Near Strasbourg, De Dietrich's social plan is compounded by political tensions surrounding the RN MP

The sun announces noon. In front of the BDR Thermea factory in Mertzwiller (Bas-Rhin), 50 kilometers from Strasbourg, employees go in small groups to take their break. There are those who sit on benches in front of the parking lot to eat lunch in the shade of a few trees. And those who head to the cafeteria, a long, one-story rectangle attached to the site. Faces are closed, gazes averted. There's no desire to talk. "After all, why not," concedes Maxime.

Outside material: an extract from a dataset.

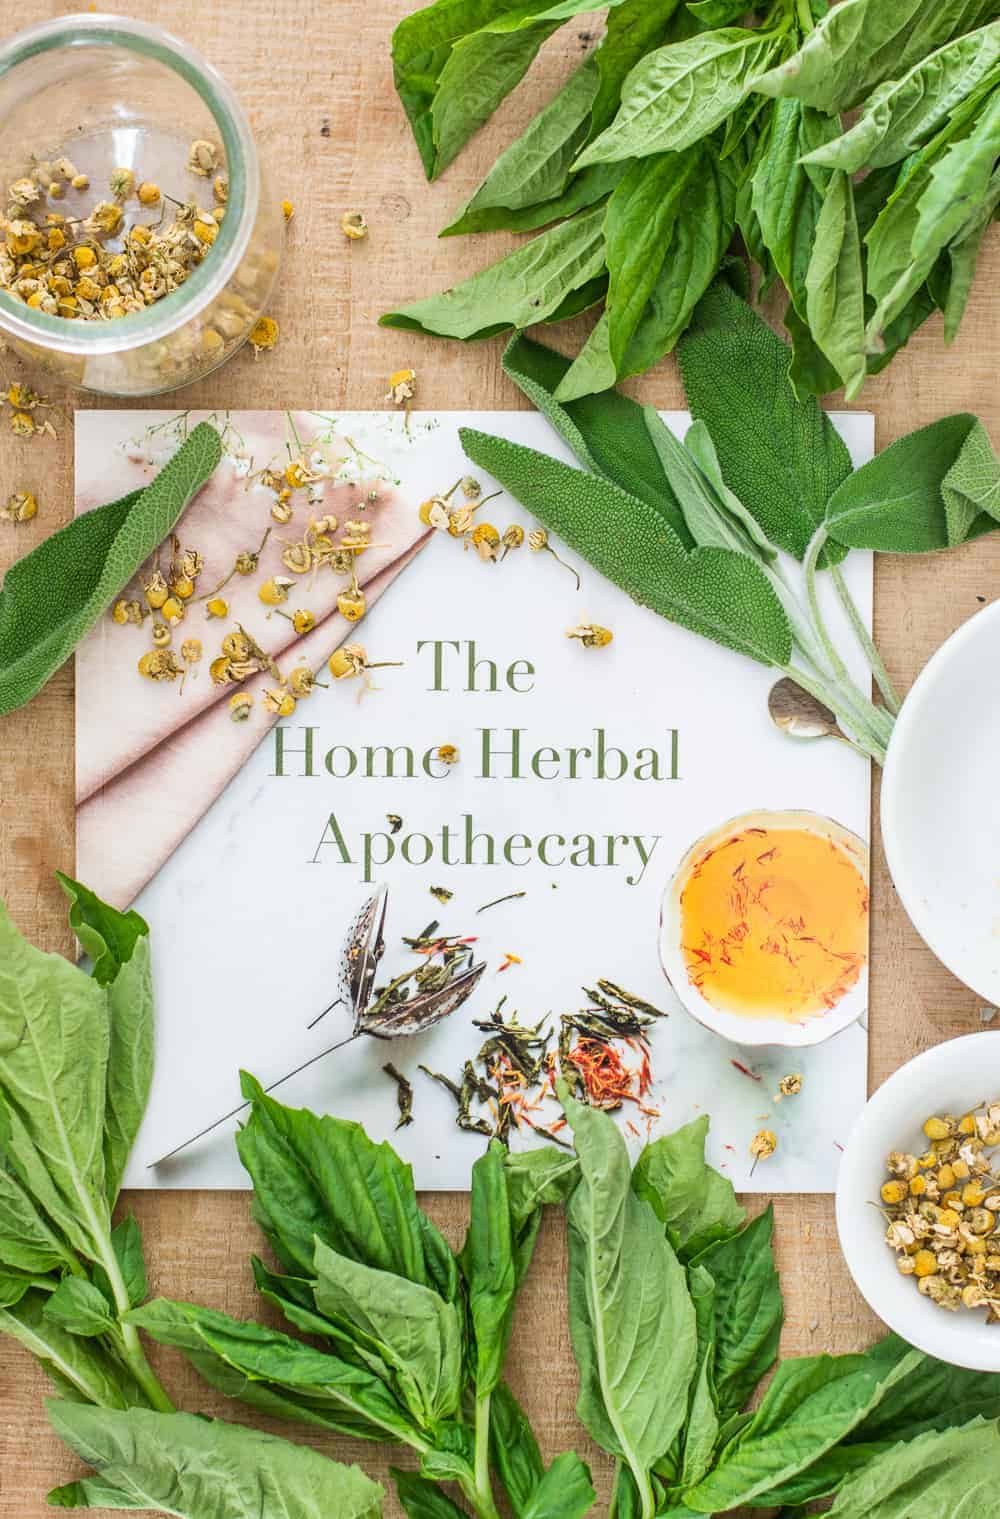 3 Home Remedies for Cold + Common Ailments | Home Remedies | Home Remedies for Colds | Sore Throat Home Remedies | Home Remedies to Boost Your Immune System | Immune Boosting Home Remedies | How to Make Your Own Materia Medica | Home Herbal Apothecary | Holistic Wellness | Herbal Medicine || The Butter Half #holisticwellness #thebutterhalf

The 26-year-old has four years with the company under his belt and a fair amount of bitterness in his voice. At the end of May, the management of the company, which specializes in the production of heat pumps, announced the relocation of its operations to Turkey and Slovakia by 2027. The parent company, which employs 7,000 people worldwide, also announced the elimination of 370 jobs, including 320 at the historic site in Alsace alone, which employs nearly 800 people. "We played the game," reacts Maxime, referring to the concessions made by the employees: bonuses postponed, Saturdays worked, vacation time exhausted, overtime paid, and machines running at full capacity. Next to Maxime, Alexis is disgusted: "It was hanging over management." An employee for three years, the thirty-year-old quips: "The De Dietrich group makes a profit, but apparently not here."
Here, no one talks about "BDR Thermea", the name given to the group after the merger sixteen years ago.